Preview: Due June 5 - Canada May Employment - A modest gain but a subdued picture
We expect Canadian employment to increase by 10k in May, which after a fall of 17.7k in April would leave trend looking subdued, if not as weak as three declines in the last four months have implied. We expect unemployment to remain at 6.9% after increasing in April from 6.7% in March.
This would be consistent with an economy seeing modest GDP growth in Q2, insufficient to make a significant dent in the output gap. The hit from tariffs is fading while higher energy prices will have a mixed impact on Canadian GDP, but will probably act as a net restraint on job growth. January and February weakness was probably influenced by weather but can also be seen as corrective from overstated gains in September. October and November of 2025, each of which exceeded 50k.

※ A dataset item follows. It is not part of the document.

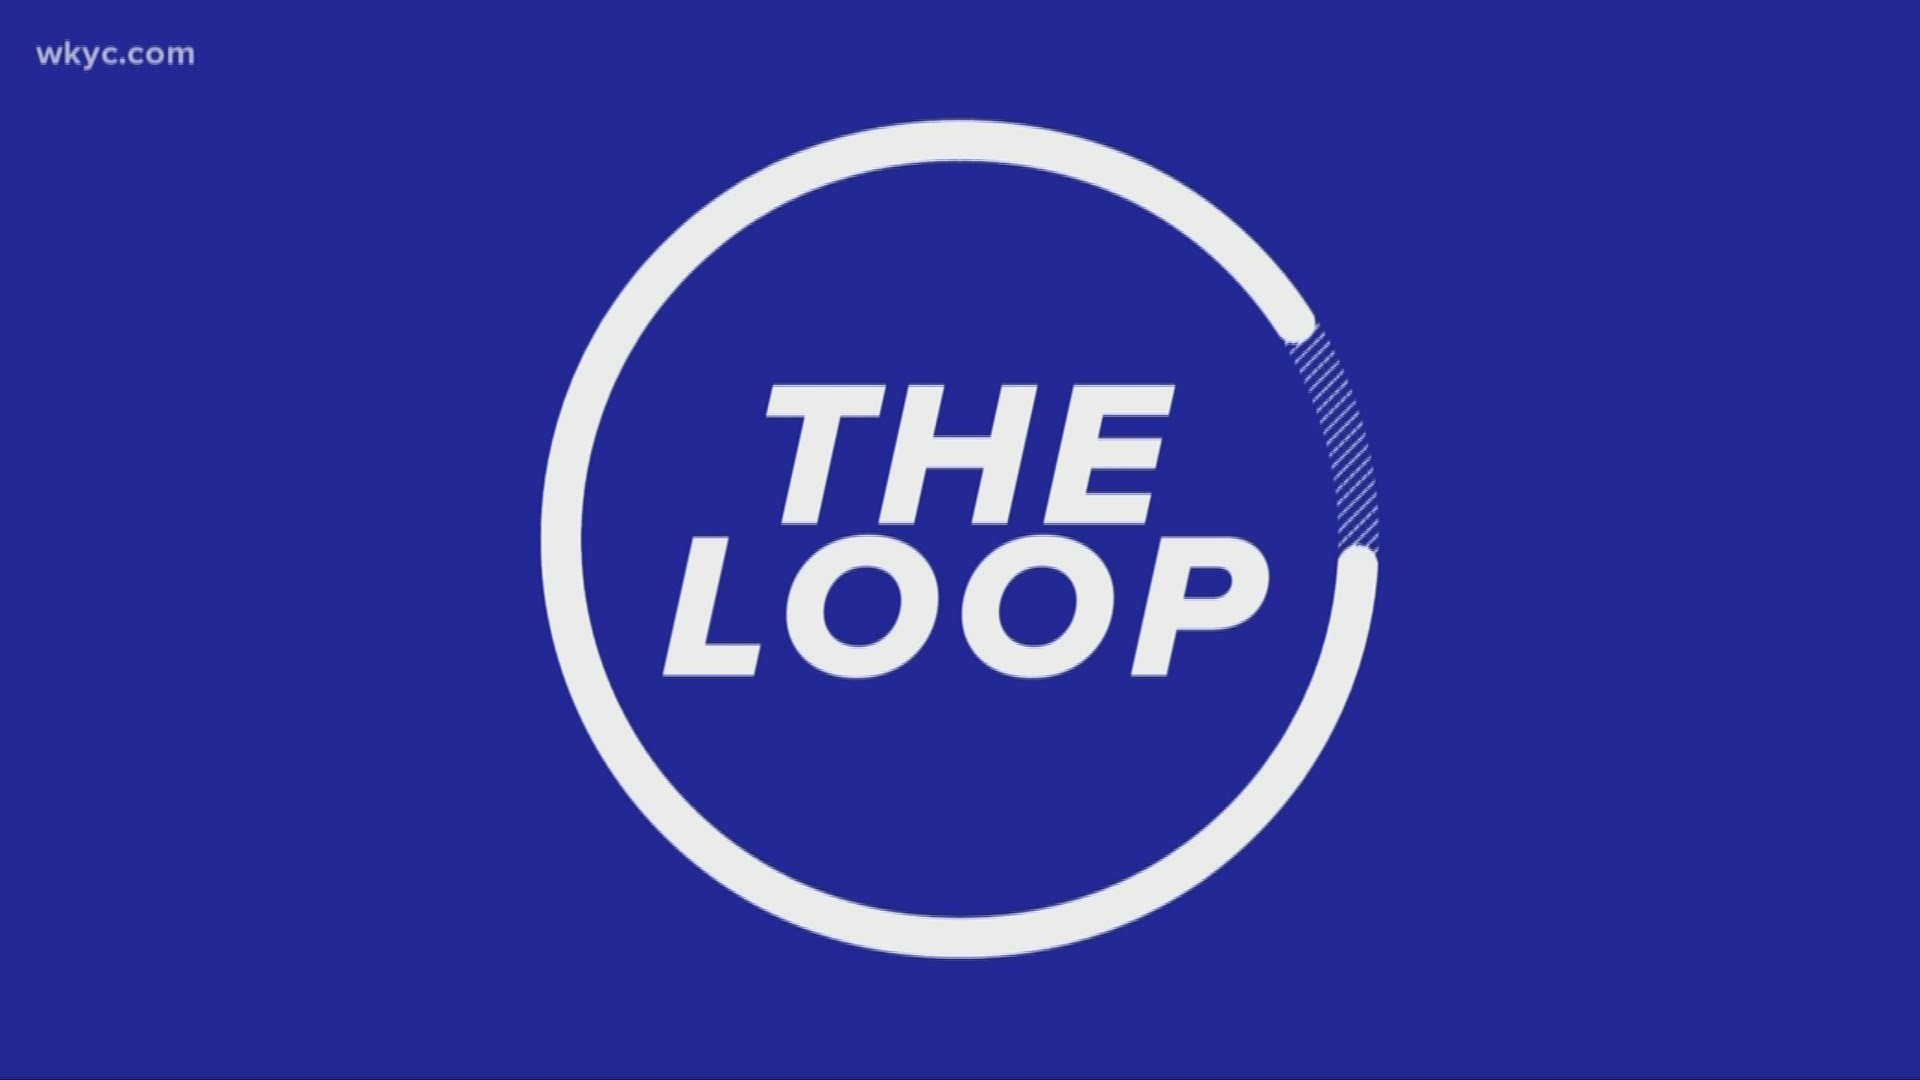 The internet giant is taking on a new endeavor. Betsy Kling has that and more in tonight's Loop.

We expect modest May job growth to be more than fully explained by gains of 5k in construction, the public sector and natural resources, the former two correcting from April weakness and the latter supported by higher energy prices. Elsewhere we expect a flat to negative picture. We do however expect the job growth to come fully in full time work, in a correction from three straight months in which full time work declined but part time work increased.
We expect the labor force to be unchanged in a pause after two straight modest increases, seeing unemployment fall to 6.89% from 6.93% before rounding, but again rounding to 6.9%. We see participation unchanged at 65.0%, sustaining April’s increase after two months at 64.9%. A subdued labor market argues for limited wage pressure, though we expect yr/yr growth in the hourly wage for permanent employees to slow only marginally to 4.7% from 4.8%, still not erasing March’s sharp bounce to 5.1% from 4.2% in February. March’s bounce was exaggerated by year ago weakness. May did not see any significant change in the year ago base, limiting the potential for a sharp slowing.